Private Equity Valuations
PEX’s underlying holdings focus on private equity investments, and there is some controversy about valuations in this sector.
Valuations for public companies are simple. Apple’s (AAPL) shares are worth what the market says they are worth, company financials are audited by third-party accountants, and the SEC makes sure proper procedures are being followed (or at least tries to).
Valuations for private companies are more complicated. Bytedance’s shares are not publicly traded, so detailed, up-to-date information about prices is not readily available. Prices are generally calculated by private equity companies, and although there are procedures for doing so, companies have a lot of leeway. Reporting requirements are less stringent too.
Some investors have accused private equity companies of volatility laundering, fudging prices and valuations so as to (somewhat) reduce reported losses during bear markets. I fear that this is a possibility for some private equity companies, and so am somewhat apprehensive about investing in these. Investing in PEX means indirectly investing in private equity companies, so I am concerned about PEX as well.
Declining AUMs
PEX’s assets under management have declined these past few years, reaching a measly $8M today. AUMs are low enough that a fund closure seems somewhat likely, especially considering the fact that assets are declining.
Tiny funds tend to be illiquid, with PEX having a volume of just 708 shares. Illiquid funds tend to have wide bid / ask spreads, although this does not seem to be the case for PEX right now.
Illiquid funds are somewhat risky, insofar as investors might have issues entering and exiting a position. The fund closing down is also a risk, although investors would receive their money back if this were to occur, which should only be an inconvenience.

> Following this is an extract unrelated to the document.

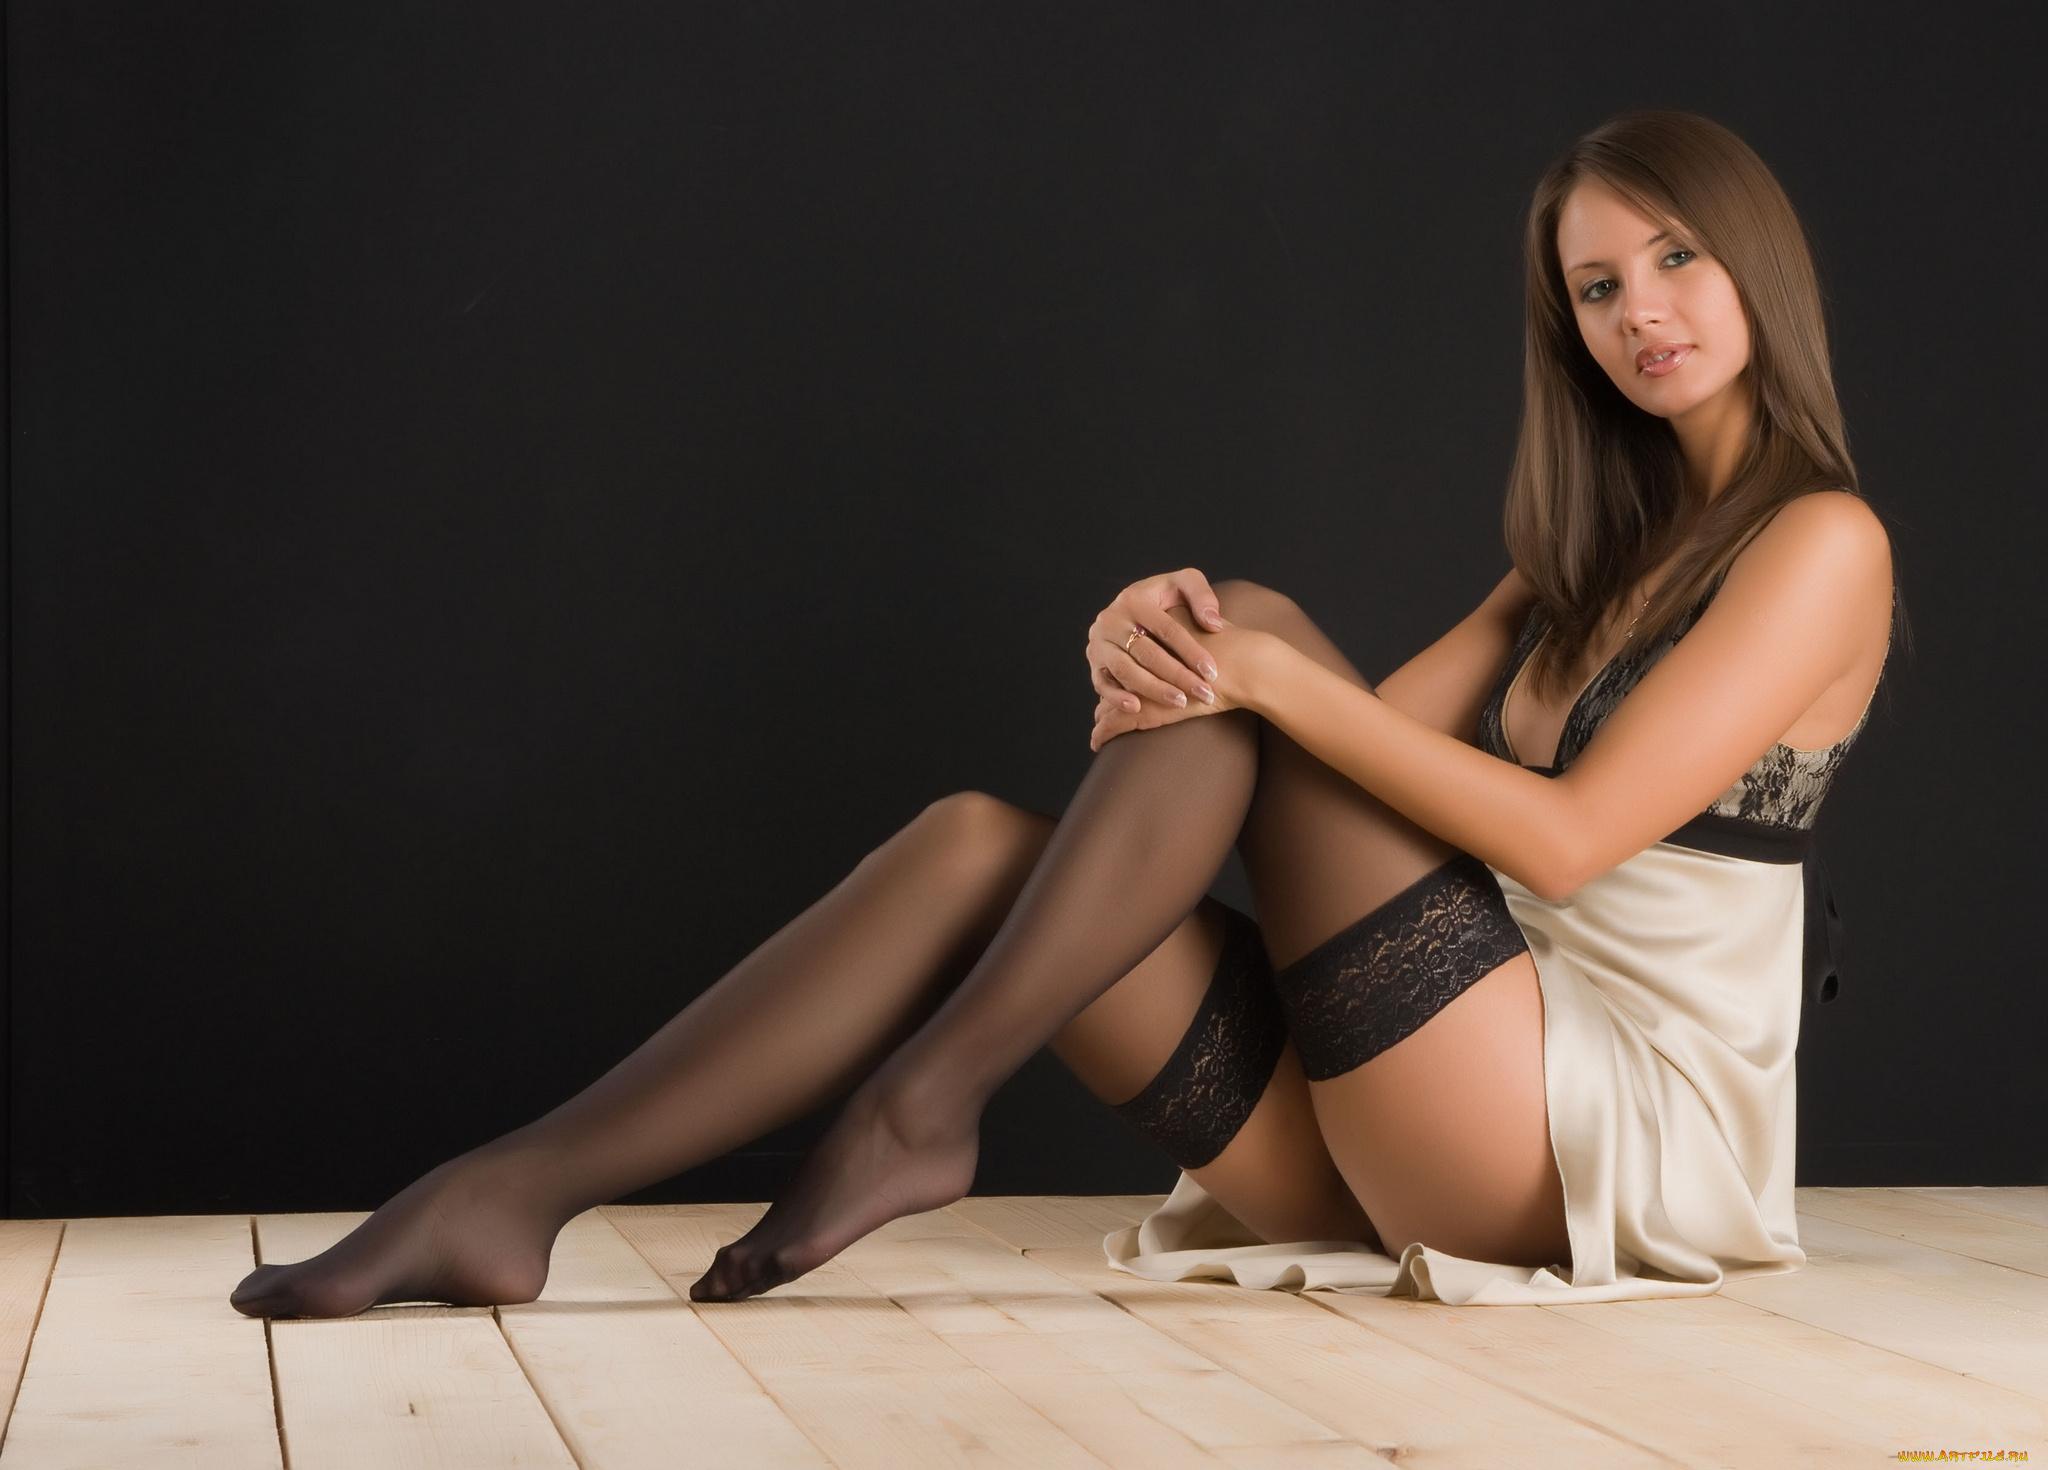 Худощавая европейка раздевается у плетённого кресла  315209

Although the issues above are not significant negatives, I do find them to be deal-breakers. Most funds do not have these issues, and PEX is simply not all that strong to warrant an exception.
Conclusion
PEX focuses on companies with significant private equity investments. Although the fund has its merits, its low assets under management and illiquidity are significant negatives. As such, I would not be investing in the fund at the present time.